When McCrae finished, he was not satisfied. According to one account, he crumpled the page and threw it away. Another version says he simply handed it to Allinson, who pocketed it. A third claims it was retrieved from a wastepaper basket by Edward Morrison or J. M. Elder. What is certain is that the poem survived and travelled. A copy turns up in the diary of Clare Gass, a Canadian battlefield nurse, in an October 1915 entry.
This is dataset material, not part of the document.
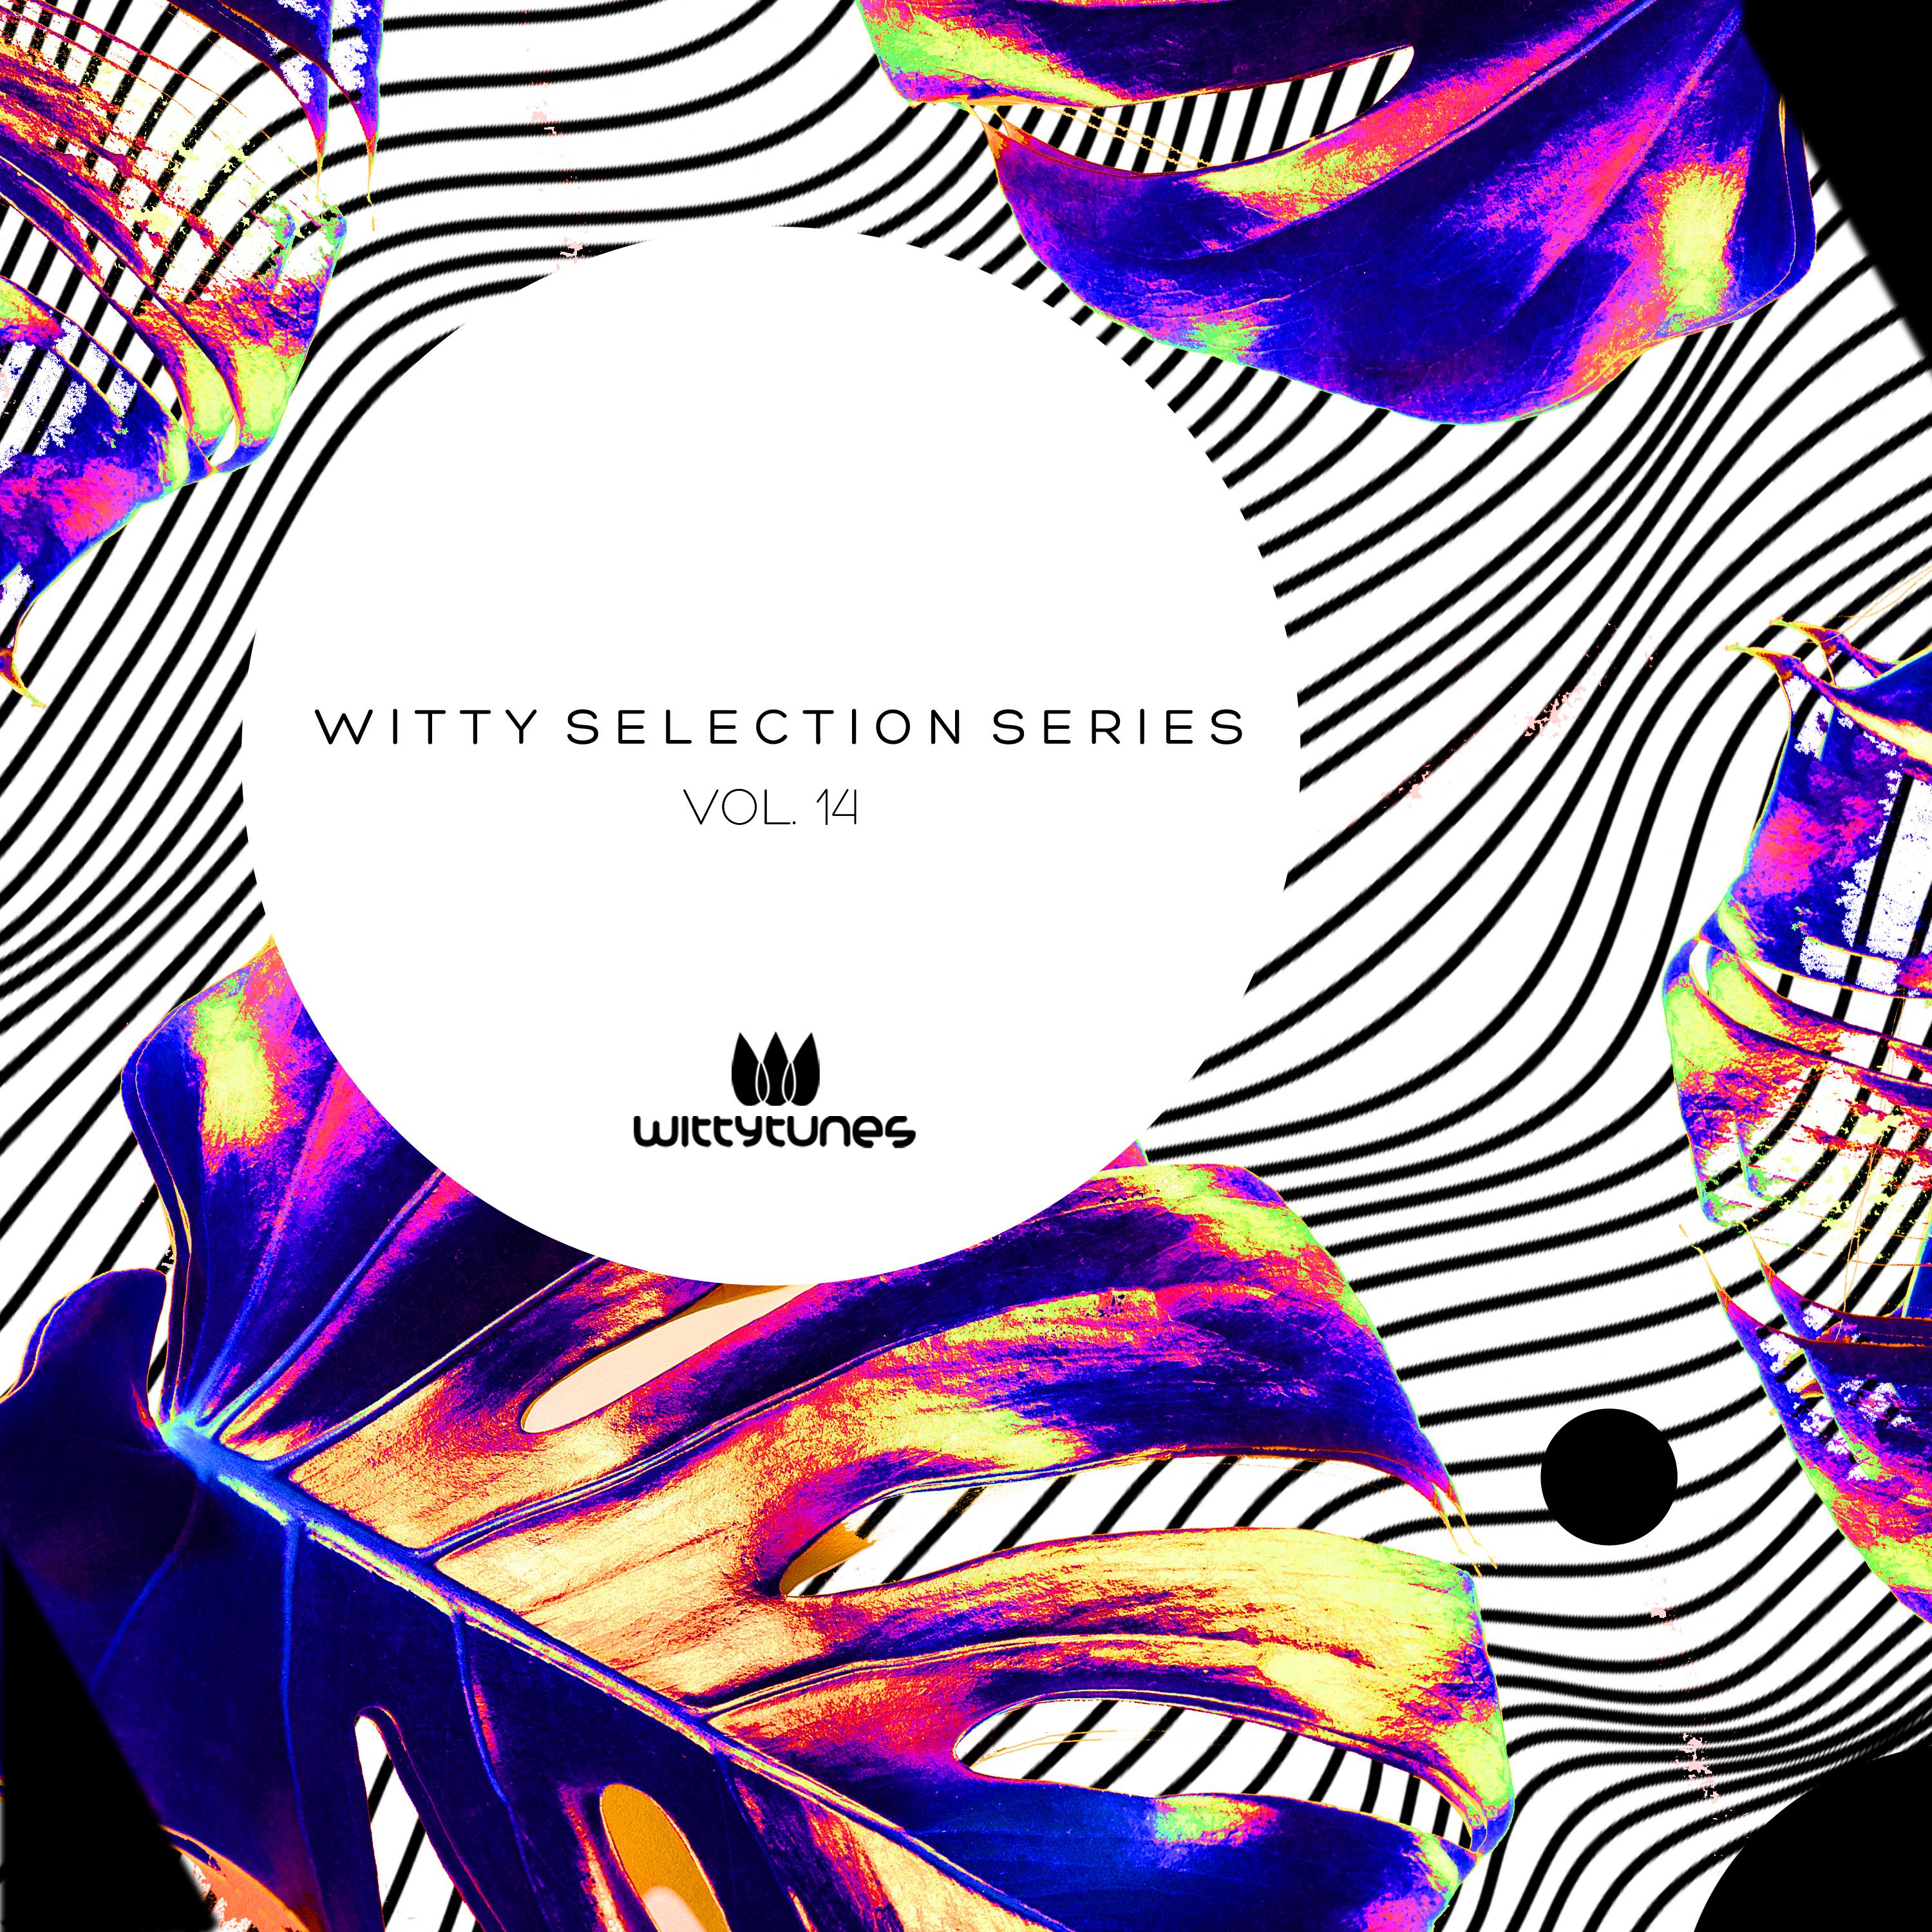 Witty Selection Series, Vol. 14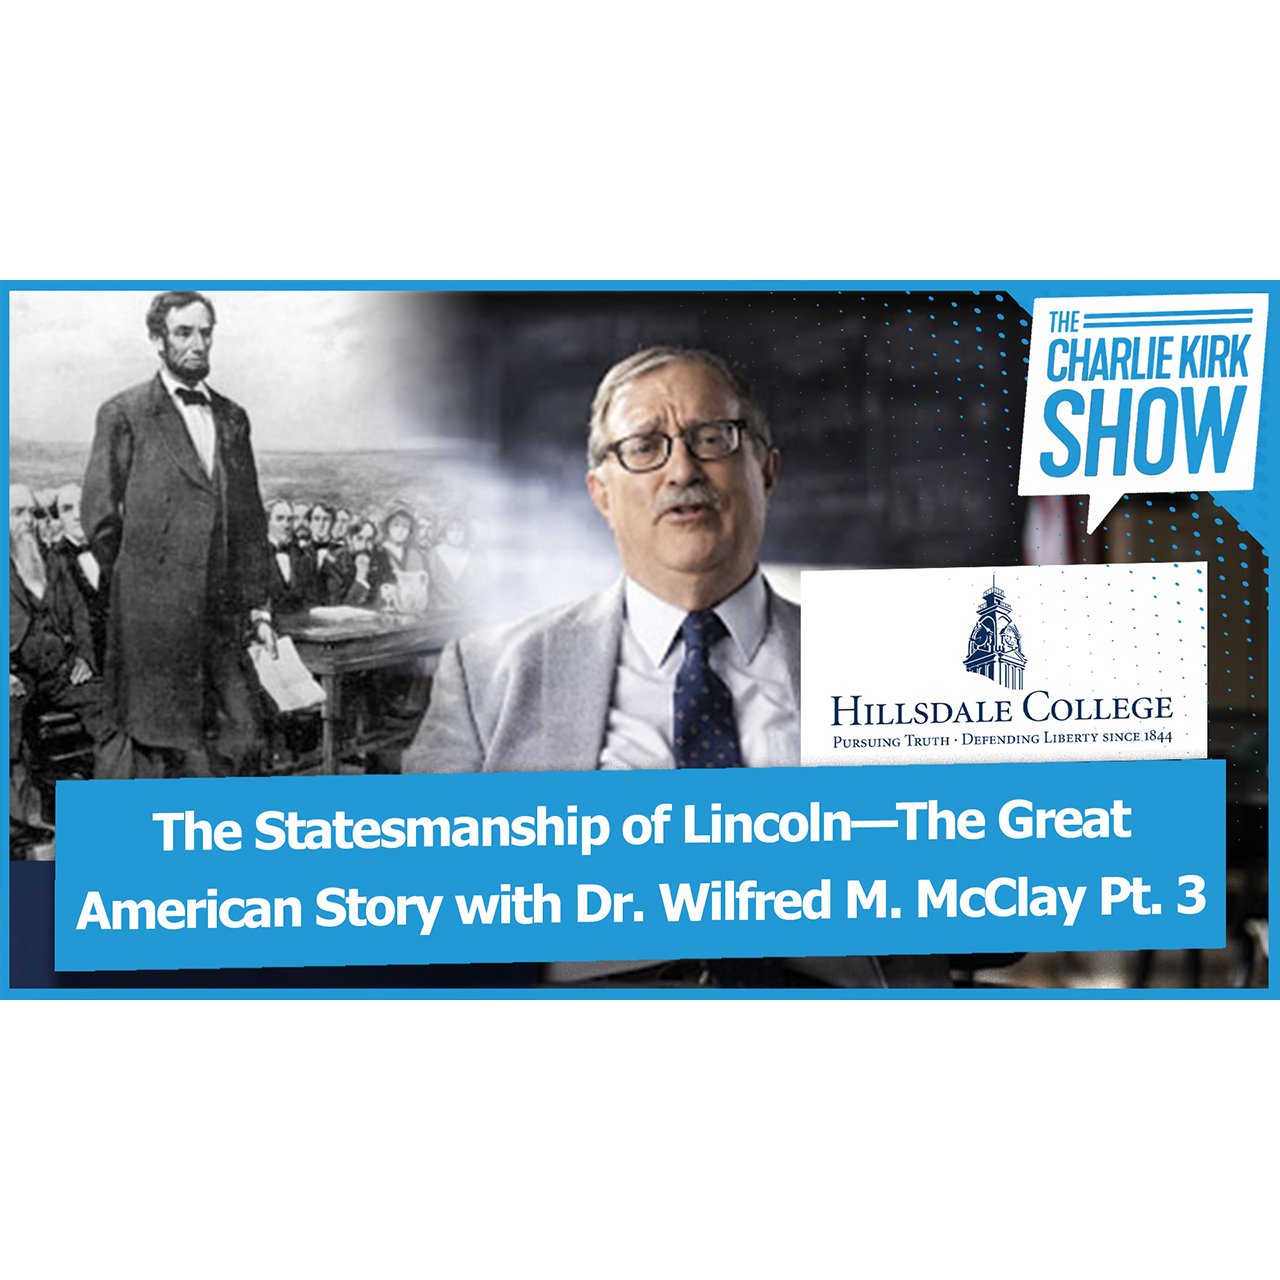 The Statesmanship of Lincoln—The Great American Story with Dr. Wilfred M. McClay (Part 3)

McCrae himself worked on the poem for months. He submitted it to The Spectator in London. The Spectator rejected it. He sent it to Punch. Punch published it, anonymously, on 8 December 1915. It became, within weeks, the most quoted poem of the war.

The Poppy

An American professor named Moina Michael read the poem in November 1918 and resolved to wear a red silk poppy from then on, year-round, in memory of the dead. She wrote a reply poem, We Shall Keep the Faith, and persuaded the American Legion in 1920 to adopt the poppy as its symbol. A French woman, Madame E. Guerin, then sold silk poppies in France to raise money for war orphans, and the next year sent poppy sellers to London. Field Marshal Haig, who in his other capacity was helping to found the Royal British Legion, took up the cause. From there it spread through the Commonwealth. The remembrance poppy is now, every November, worn by tens of millions of people who have never read McCrae's poem and could not name the friend whose grave produced it. The chain runs from Helmer, to McCrae, to Allinson, to the editors of Punch, to Michael, to Guerin, to Haig, to a small paper-and-plastic flower on a stranger's lapel a century later.

Wimereux

McCrae did not live to see the end of the war. After Ypres he was promoted and posted to the No. 3 Canadian General Hospital in Boulogne-sur-Mer, where he ran the medical service for three years. The work and the grief wore him down. On 23 January 1918 he was promoted to colonel and appointed Consulting Physician to the British Armies in France. The same day he contracted pneumonia. It became meningitis. He died at the military hospital in Wimereux on 28 January 1918 and was buried there with full military honours, wearing the same uniform he had worn when he wrote his poem, though he was now 45 years old — four years older than the lieutenant-colonel who had sat in the ambulance at Essex Farm. His book In Flanders Fields and Other Poems was published the following year. A monument now stands at Essex Farm, near the place where Helmer is thought to have been buried, near the place where the poem was written. The poppies still grow there in summer. The crosses too.

From the Air

The poem was written at the Essex Farm Advanced Dressing Station beside the Yser Canal, approximately 50.87 degrees north, 2.87 degrees east, two kilometres north of Ypres in West Flanders, Belgium. The article coordinates point to the John McCrae Memorial Site at Essex Farm Cemetery, where the bunkers of the dressing station still survive in the canal embankment. Recommended viewing altitude 1,500 to 2,500 feet to take in Ypres and the salient battlefields. Nearest airports are Ostend-Bruges (EBOS) approximately 30 nautical miles northwest, Kortrijk-Wevelgem (EBKT) about 12 nautical miles south, and Lille (LFQQ) across the French border. The canal is the long straight watercourse running north-south just west of the line.